Through the Association of Municipalities of Ecuador (AME), several of the country’s mayors have expressed anger and concern over a ministerial agreement by the Ministry of Finance that reduces the budget allocations municipalities will receive in the second four-month period of this year.

The reduction of funds will be 5.46 percent and will affect 221 cantons, the authorities protested. The reduction will take place at a time when the cantonal decentralized autonomous governments (GAD) must face the ravages of a harsh winter and must prepare for the arrival of the El Niño phenomenon, asked Patricio Maldonado, mayor of Nabón (Azuay) and head of the AME.
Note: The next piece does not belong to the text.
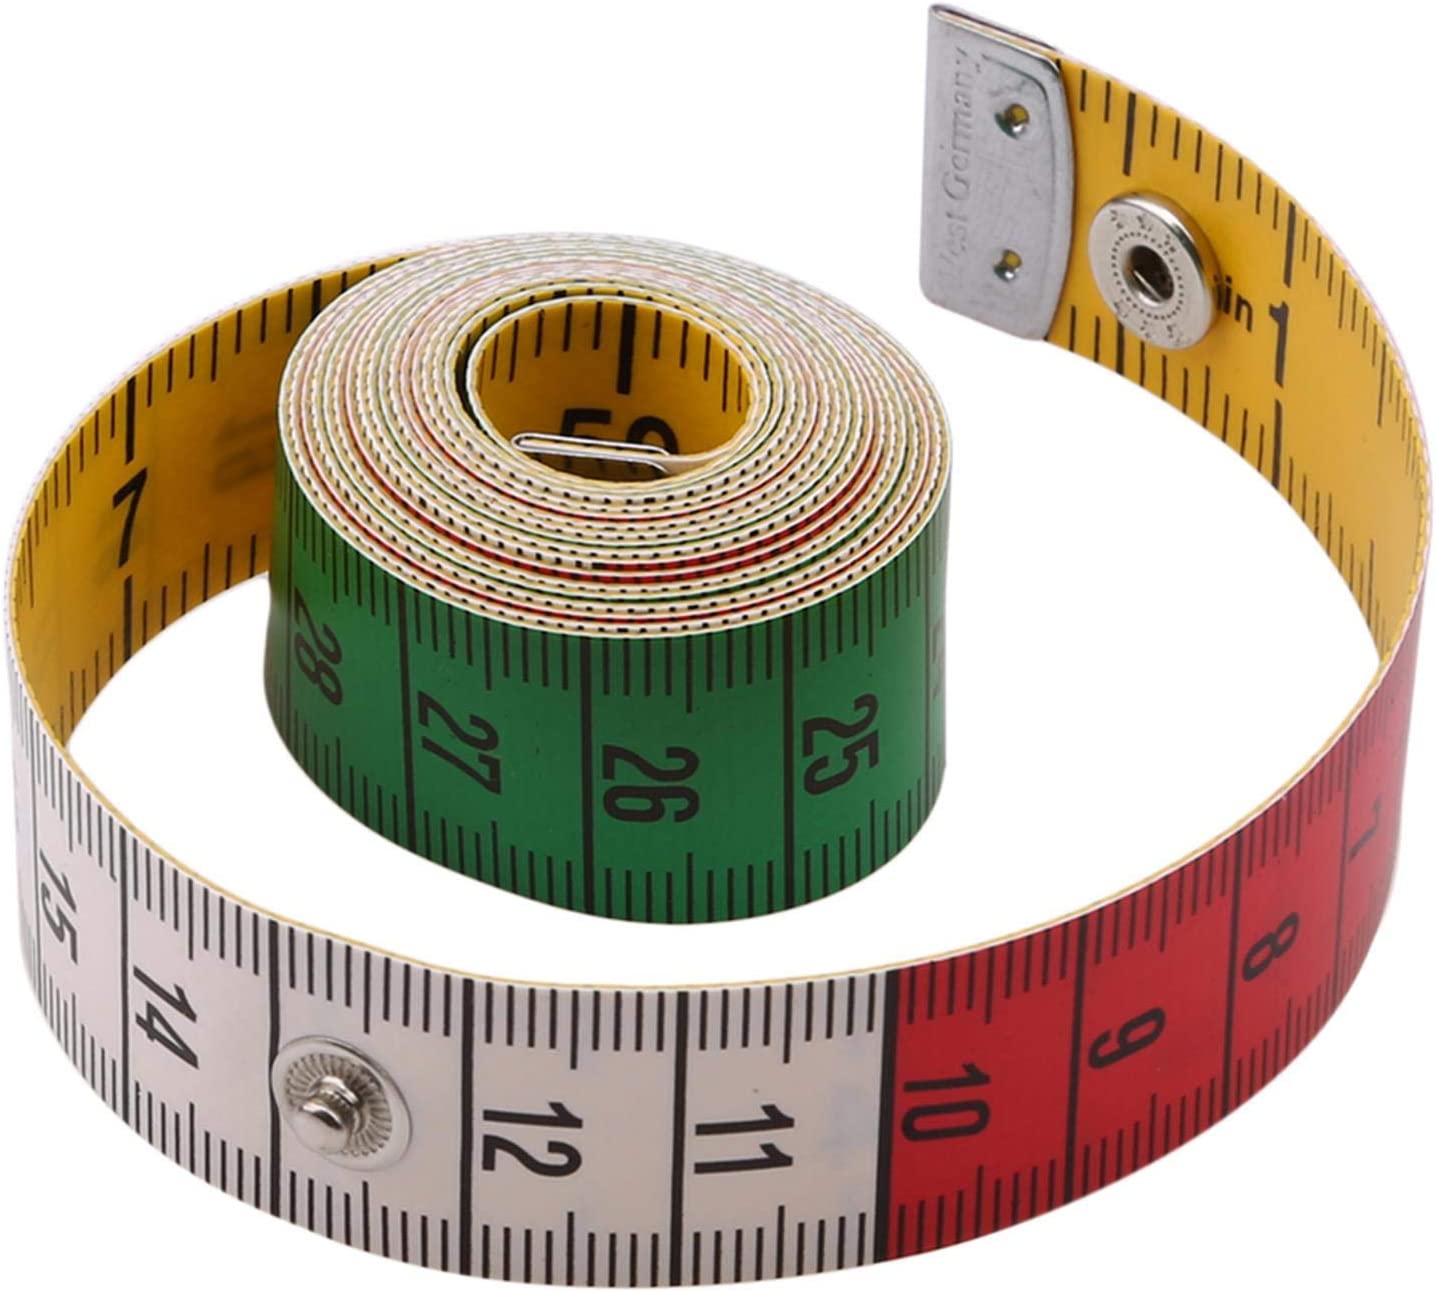 60 Inch/150cm Flexible Tape Measure for Body Fabric Sewing Knitting Home  Craft Dual Sided Measurements Soft Tape with Snap Button Closure

“Mayors are responsible for solving the problems of education, health and infrastructure. But resources are what limit us, and we are here today precisely because of this great concern at the national level. We are witnessing this decline, which is why we are raising our voices and asking the Government to listen to the municipal community and that decisions are made jointly, as it should be,” Maldonado emphasized.

Joffre Quintero, the mayor of Río Verde, one of the flood-affected cantons in Esmeraldas, said that “what is happening is unbelievable,” as the municipalities are dealing with several problems that have affected them.

He indicated that in a meeting held on Saturday with President Guillermo Lasso, he was asked not to cut funds, “because the small municipalities of Esmeraldas, the municipalities that are now affected, are greatly reducing our resources.”

The president was asked to create conditions for prompt approval of projects and direct grants to deal with emergencies.

“There are whole families who have lost their homes. There are entire families who have lost everything and who have no possibility of recovery because there is no source of work, no income. These are humble families who have no chance to rise up,” said Quintero, who demanded the presence of the state in the affected areas.

AME assures that the ministerial agreement was not socialized. In addition, the union asked the Ministry of Finance to clarify the formulas for reducing allocations, the form of distribution and the calculation of values ​​determined in “Tranche B” of the Territorial Equality Model.

The Ministry of Economy and Finance issued a statement to clarify the “inaccuracies”, in response to the mayor’s statement.

The state portfolio indicated that the funds are distributed according to the actual received income to the general state budget (GSP).

He explained that the Organic Code of Territorial Organization, Autonomy and Decentralization (Cootad) establishes that GADs are participants in 21% of permanent income and 10% of non-permanent income (oil) of PGE; while the Organic Code of Planning and Public Finance (Coplafip) mandates that allocations be reviewed every four months to be consistent with effective revenue.

Finance specified that the state budget in the first quarter of this year had less permanent revenues (taxes) and non-permanent revenues (oil revenues). “For this reason, the calculation of allocations for GADs by the method of territorial equality (MET) for the second four-month period of the year has a reduction of 5.6%.”

In this sense, the ministry noted that “the state cannot deliver funds that do not exist”, since according to the law, PG funds are distributed according to the generated income.

Additionally, it indicated that Government allocations for GADs increased by 14% ($387 million).